More debugging information with curl:

curl -v -H "Host: mamadou-verizon-c1.azureedge.net" https://ajax.aspnetcdn.com
*   Trying 152.199.19.160:443...
* TCP_NODELAY set
* Connected to ajax.aspnetcdn.com (152.199.19.160) port 443 (#0)
* ALPN, offering http/1.1
* successfully set certificate verify locations:
*   CAfile: /etc/ssl/certs/ca-certificates.crt
  CApath: /etc/ssl/certs
* TLSv1.3 (OUT), TLS handshake, Client hello (1):
* TLSv1.3 (IN), TLS handshake, Server hello (2):
* TLSv1.3 (OUT), TLS change cipher, Change cipher spec (1):
* TLSv1.3 (OUT), TLS handshake, Client hello (1):
* TLSv1.3 (IN), TLS handshake, Server hello (2):
* TLSv1.3 (IN), TLS handshake, Encrypted Extensions (8):
* TLSv1.3 (IN), TLS handshake, Certificate (11):
* TLSv1.3 (IN), TLS handshake, CERT verify (15):
* TLSv1.3 (IN), TLS handshake, Finished (20):
* TLSv1.3 (OUT), TLS handshake, Finished (20):
* SSL connection using TLSv1.3 / TLS_AES_256_GCM_SHA384
* ALPN, server accepted to use http/1.1
* Server certificate:
*  subject: CN=*.vo.msecnd.net
*  start date: Mar 30 17:48:56 2018 GMT
*  expire date: Mar 30 17:48:56 2020 GMT
*  subjectAltName: host "ajax.aspnetcdn.com" matched cert's "*.aspnetcdn.com"
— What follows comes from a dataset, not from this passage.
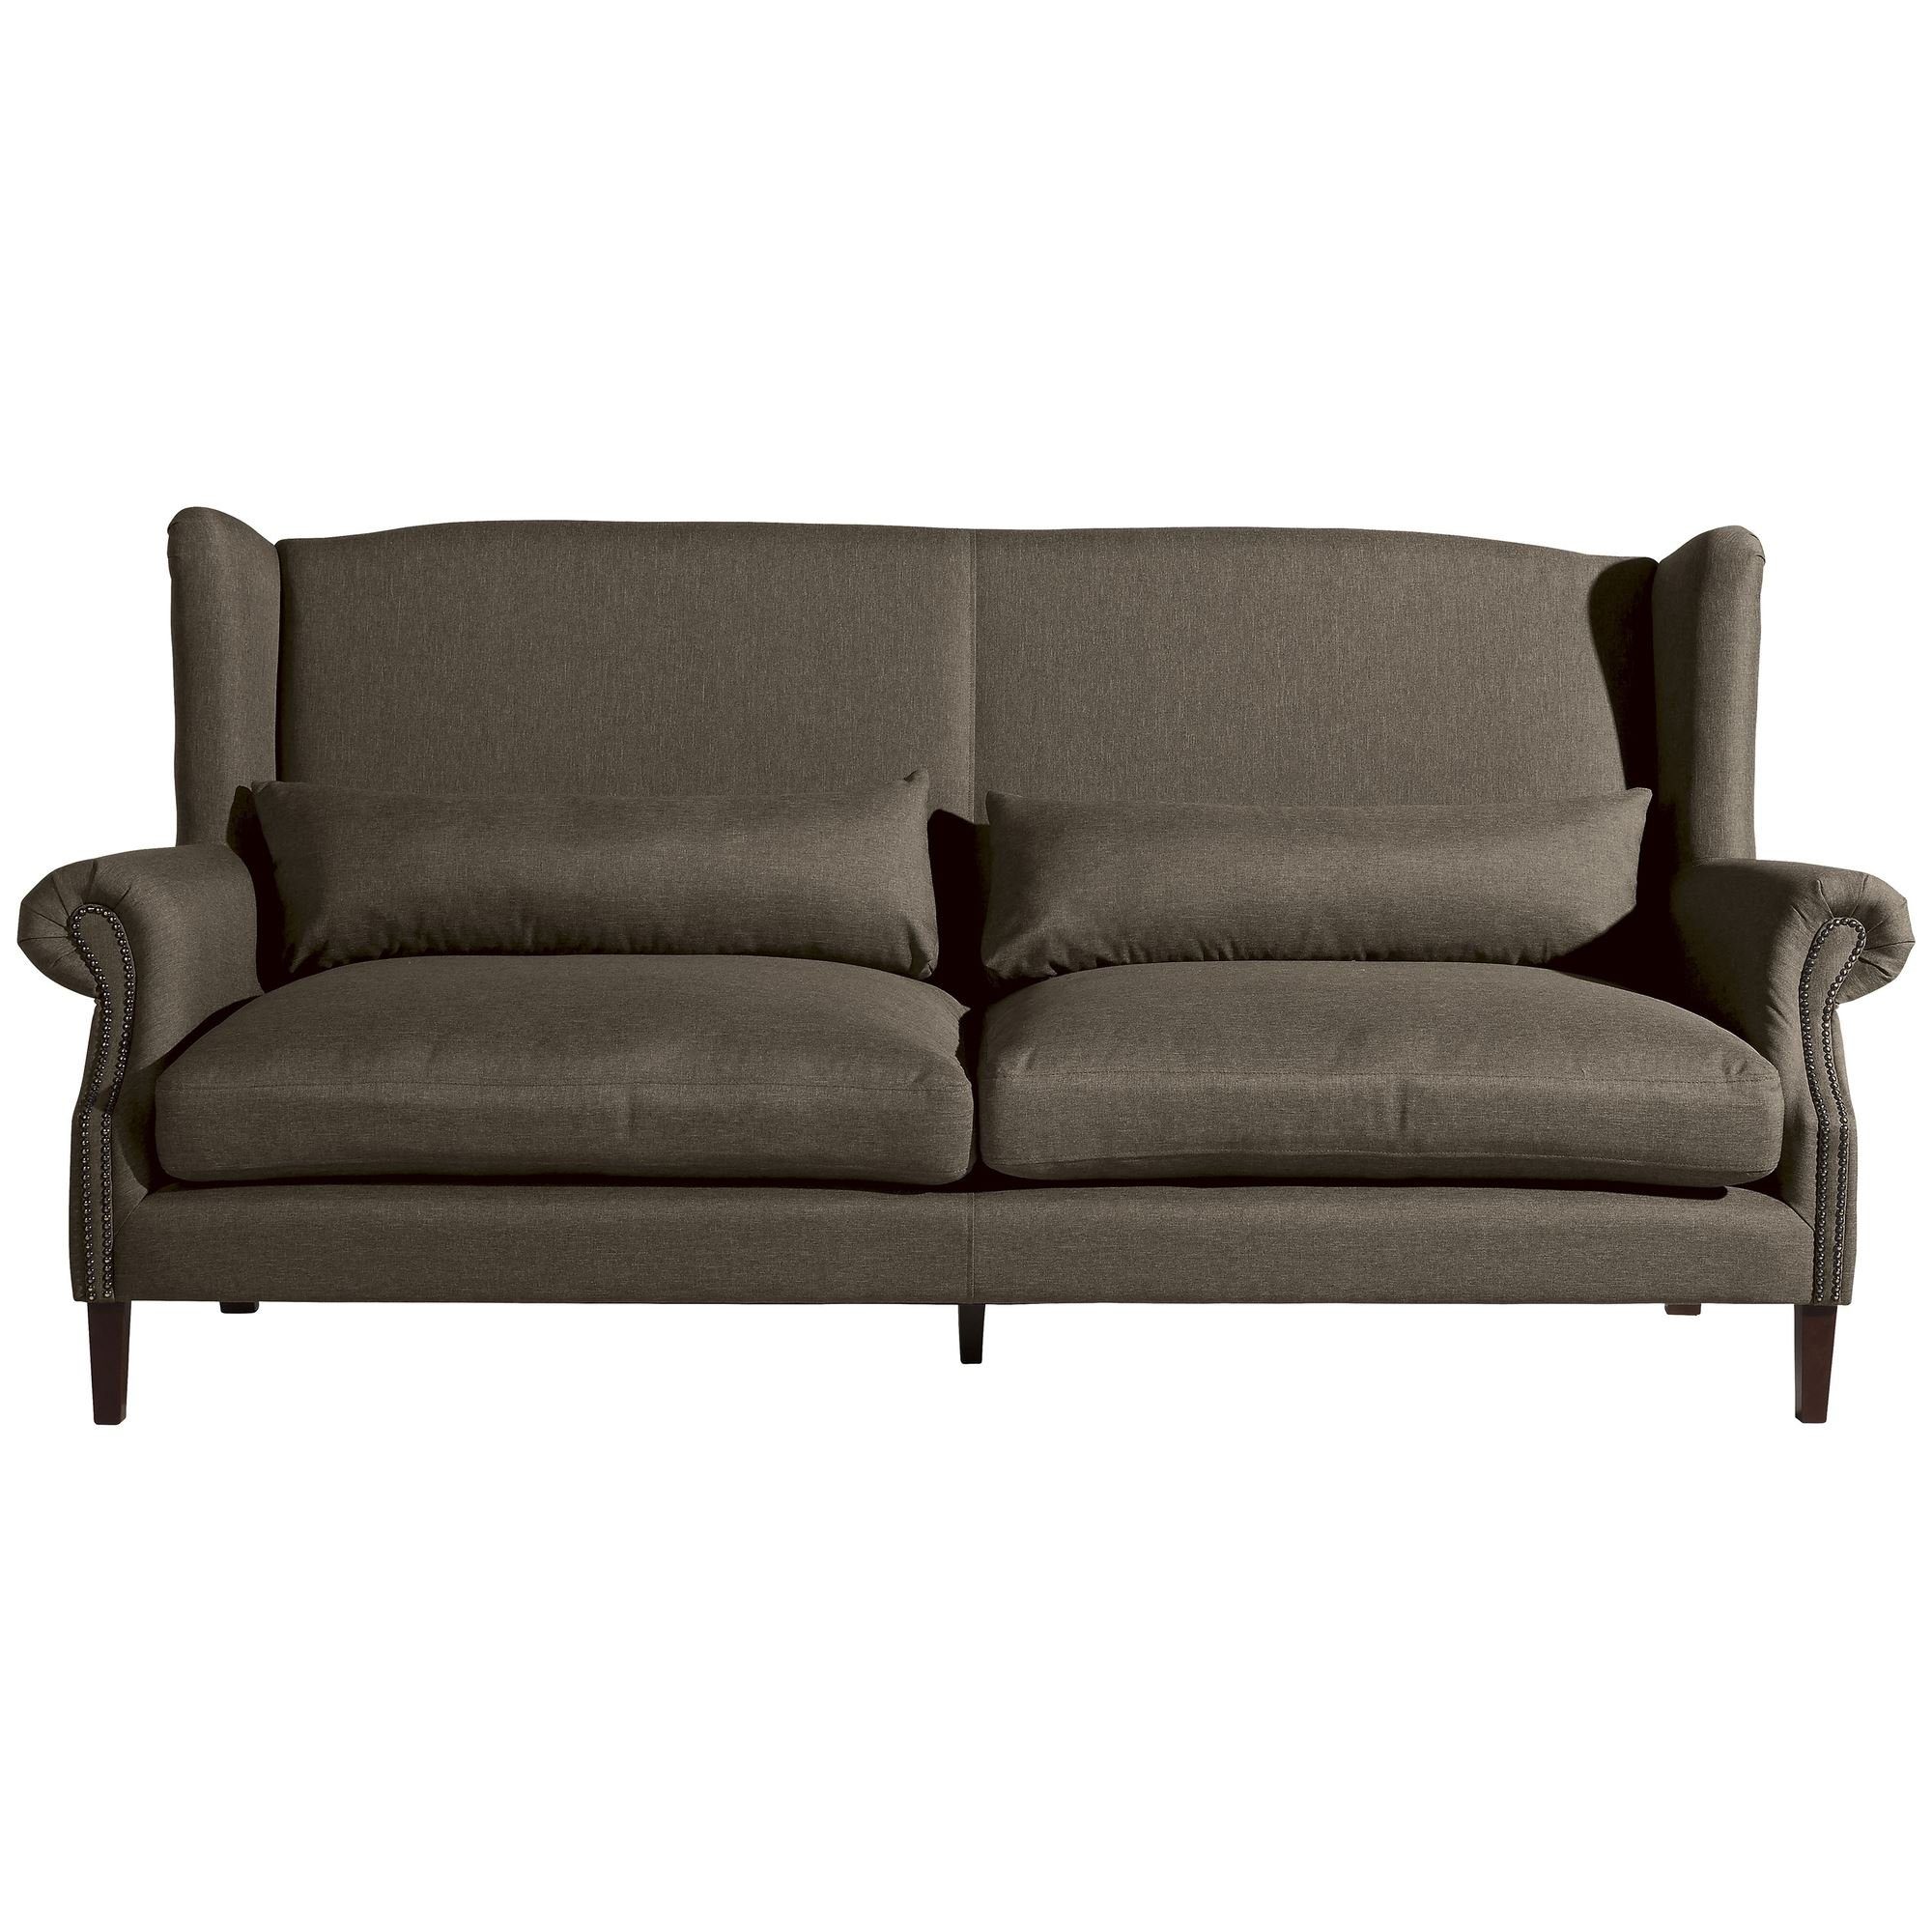 Kostenlosem Sparpreis aufm 58 Sofa verarbeitet,bequemer inkl. Bezug 1 (2-geteilt) hochwertig Versand Kandy Flachgewebe, Kessel Teile, Sitz Sofa 3-Sitzer

*  issuer: C=US; ST=Washington; L=Redmond; O=Microsoft Corporation; OU=Microsoft IT; CN=Microsoft IT TLS CA 2
*  SSL certificate verify ok.
> GET / HTTP/1.1
> Host: mamadou-verizon-c1.azureedge.net
> User-Agent: curl/7.67.0
> Accept: */*
> 
* TLSv1.3 (IN), TLS handshake, Newsession Ticket (4):
* TLSv1.3 (IN), TLS handshake, Newsession Ticket (4):
* old SSL session ID is stale, removing
* Mark bundle as not supporting multiuse
< HTTP/1.1 404 Not Found
< Content-Type: text/html
< Date: Wed, 25 Dec 2019 04:22:50 GMT
< Server: ECAcc (lha/8DD0)
< Content-Length: 345
< 
<?xml version="1.0" encoding="iso-8859-1"?>
<!DOCTYPE html PUBLIC "-//W3C//DTD XHTML 1.0 Transitional//EN"
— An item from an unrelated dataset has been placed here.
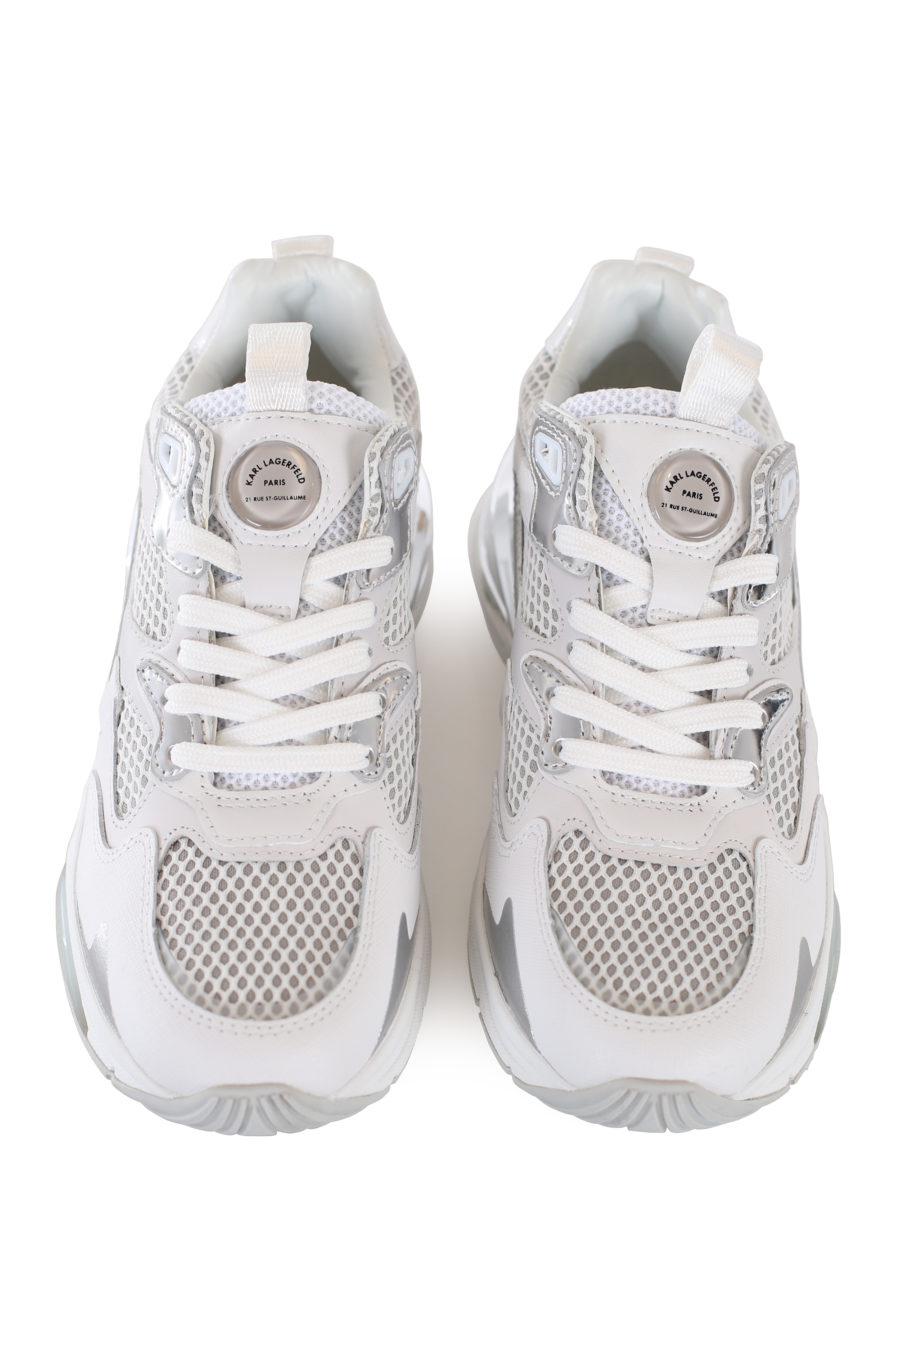 Zapatillas deportivas blancas y plateadas "Spree" - IMG 1668

         "http://www.w3.org/TR/xhtml1/DTD/xhtml1-transitional.dtd">
<html xmlns="http://www.w3.org/1999/xhtml" xml:lang="en" lang="en">
    <head>
        <title>404 - Not Found</title>
    </head>
    <body>
        <h1>404 - Not Found</h1>
    </body>
</html>
* Connection #0 to host ajax.aspnetcdn.com left intact
cbruegg commented 3 years ago

I believe the problem is that Azure CDN maps HTTP to HTTP and HTTPS to HTTPS, i.e. when you access http://yourcdn.azureedge.net, it forwards to http://yourorigin.azureedge.net and when you access https://yourcdn.azureedge.net, it forwards to https://yourorigin.azureedge.net. With the former, Azure CDN doesn't expect a TLS connection, so it doesn't work. With the latter, Azure tries to establish a real TLS connection to the origin, which also cannot result in a working tunnel.

This actually even affects non-fronted setups. I haven't been able to set up the normal CDN mode of Cloak with Azure either.